5. Enter the credentials for Snowflake and Click Authorize App.

PreviousSnowflake NextAttio

Last updated 1 day ago

Adding Credentials to Stacksync

1. Select Snowflake in the Create Sync page in Stacksync.

2. Copy the user public key for next steps

3. Find the credentials for your Snowflake instance.

Note the database name, schema name and the account identifier.

Account Identifier uniquely identifies a Snowflake account within your organization. It is a combination of your organization name and account name. It can be found in the Snowflake web interface.

Learn More

4. Run the setup script in Snowflake

Copy the following script which will create a new Stacksync role, user with the necessary permissions.

Paste the copied public key in create user section, if you don't want to create user, then you can set the rsa_public_key for existing user ( user type should be 'service')

-- create the variables for user and role details
set role_name = 'STACKSYNC_ROLE';
set user_name = 'STACKSYNC_USER'; -- enter the username
set warehouse_name = 'COMPUTE_WH'; -- enter the warehouse you want to use
set database_name = 'STACKSYNC_TEST';
set user_type = 'service'; -- set to service user type.

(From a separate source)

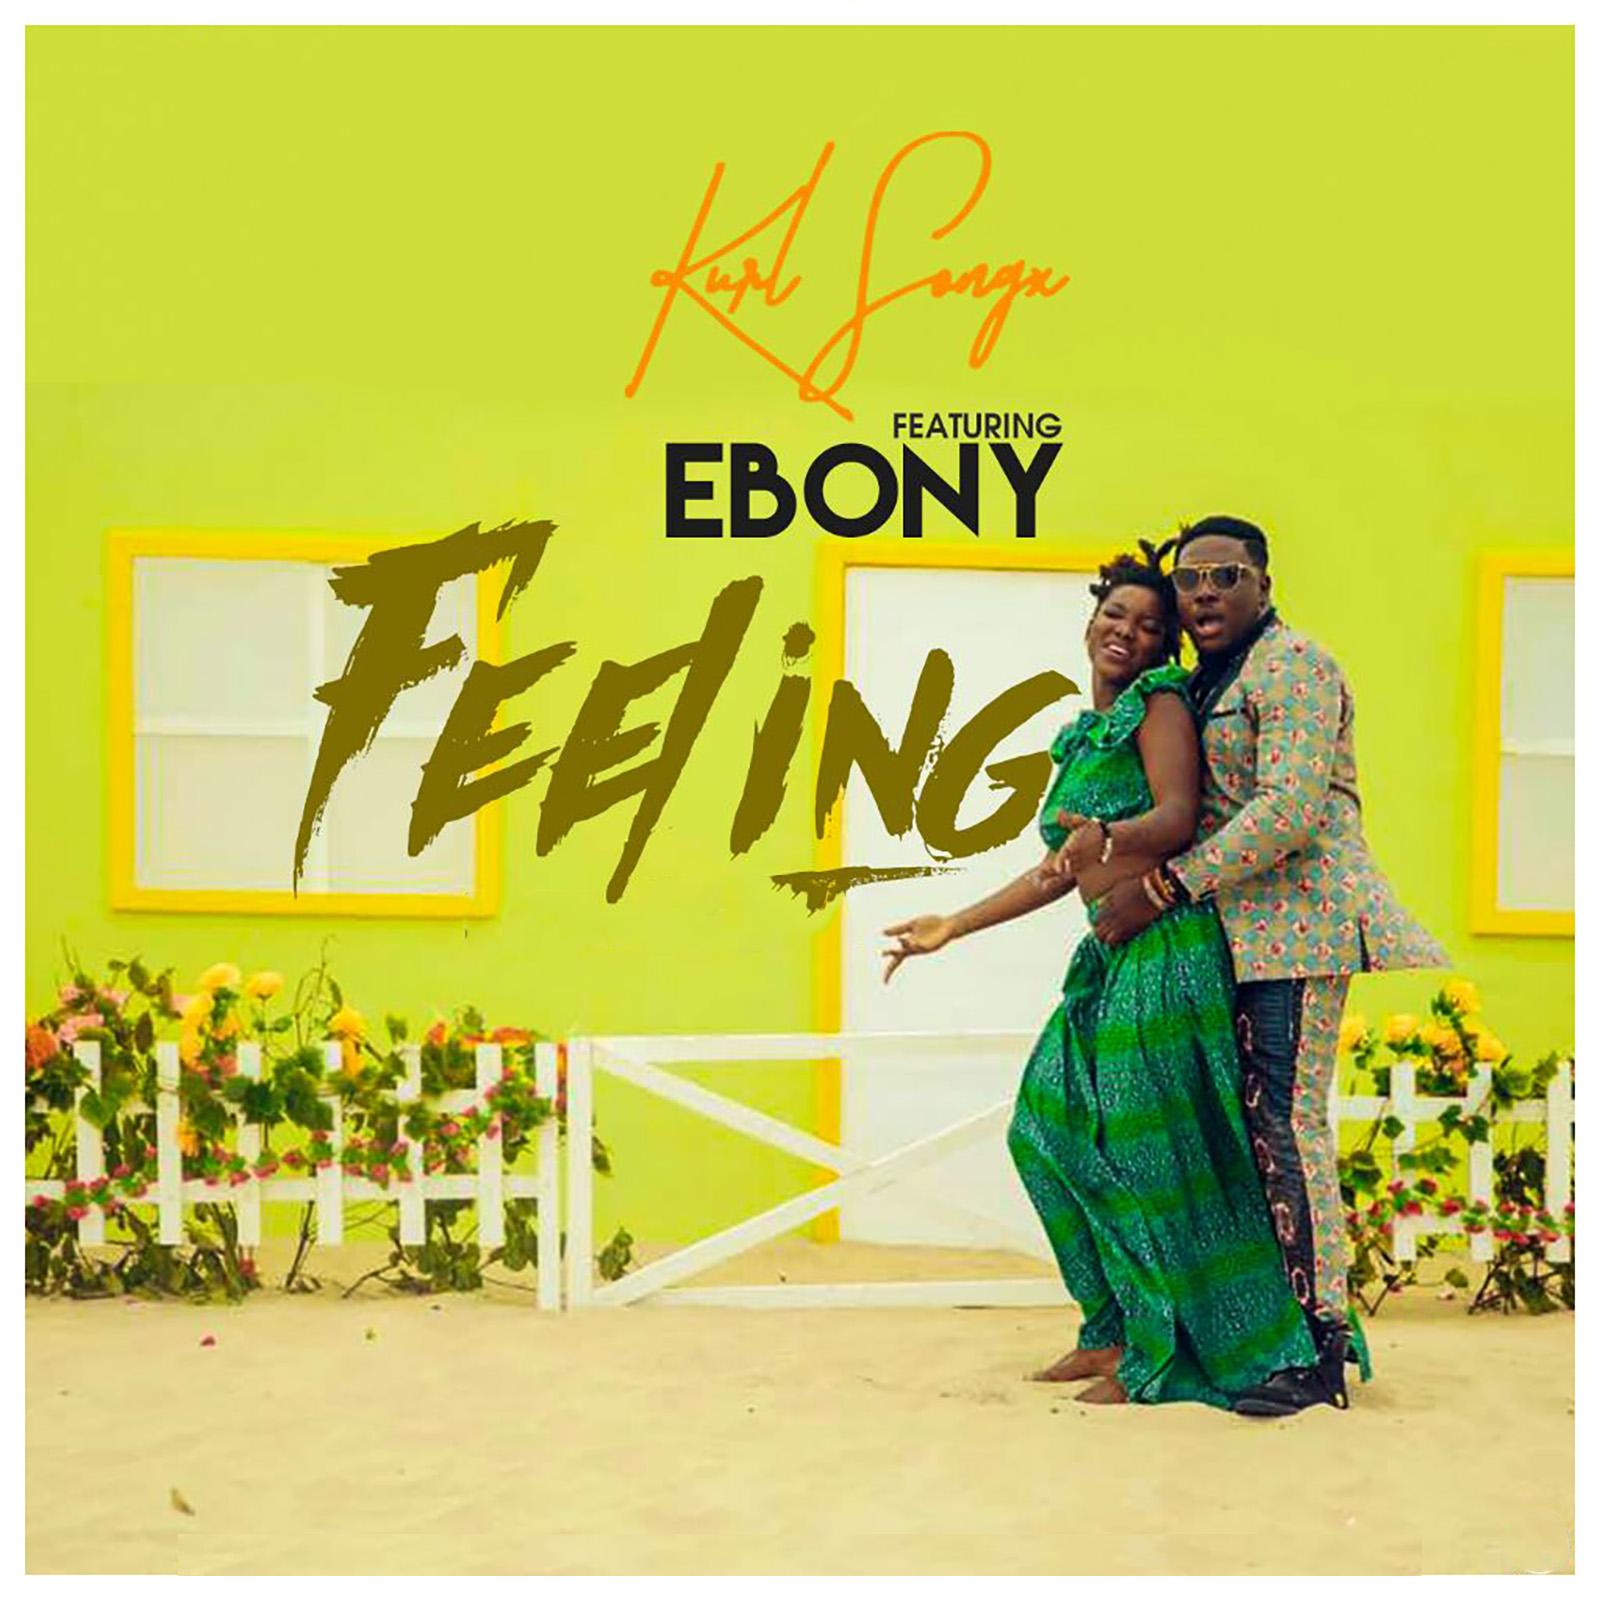 Feeling by Kurl Songx feat. Ebony

-- change role to security admin to create user and role
use role securityadmin;

-- create the Stacksync Role
create role if not exists identifier($role_name);
grant role identifier($role_name) to role SYSADMIN;

 -- create a user for Stacksync
create user if not exists identifier($user_name)
 -- copy paste public key from stacksync.
rsa_public_key = '-----BEGIN PUBLIC KEY-----
MIIBIjANBg......
-----END PUBLIC KEY-----'
type = $user_type
default_role = $role_name
default_warehouse = $warehouse_name;

-- grant Stacksync role to the new user
grant role identifier($role_name) to user identifier($user_name);

-- change role to accountadmin to grant permissions to the Stacksync Role
use role accountadmin;

-- grant Stacksync role access to warehouse
grant usage on warehouse identifier($warehouse_name) to role identifier($role_name);

-- grant Stacksync role access to database and create schemas
grant usage on database identifier($database_name) to role identifier($role_name);
grant create schema on database identifier($database_name) to role identifier($role_name);

-- select the database
use database identifier($database_name);

-- grant previlages to the all the schemas you want to sync (This example is for the PUBLIC schema)
-- Create tables and stream previlages.
grant usage on schema PUBLIC to role identifier($role_name);
grant create table on schema PUBLIC to role identifier($role_name);
grant create stream on schema PUBLIC to role identifier($role_name);
grant select on all tables in schema PUBLIC to role identifier($role_name);
grant select on future tables in schema PUBLIC to role identifier($role_name); -- (optional, for future tables)

-- repeat the steps above for all Schemas you want to sync.

5. Enter the credentials for Snowflake and Click Authorize App.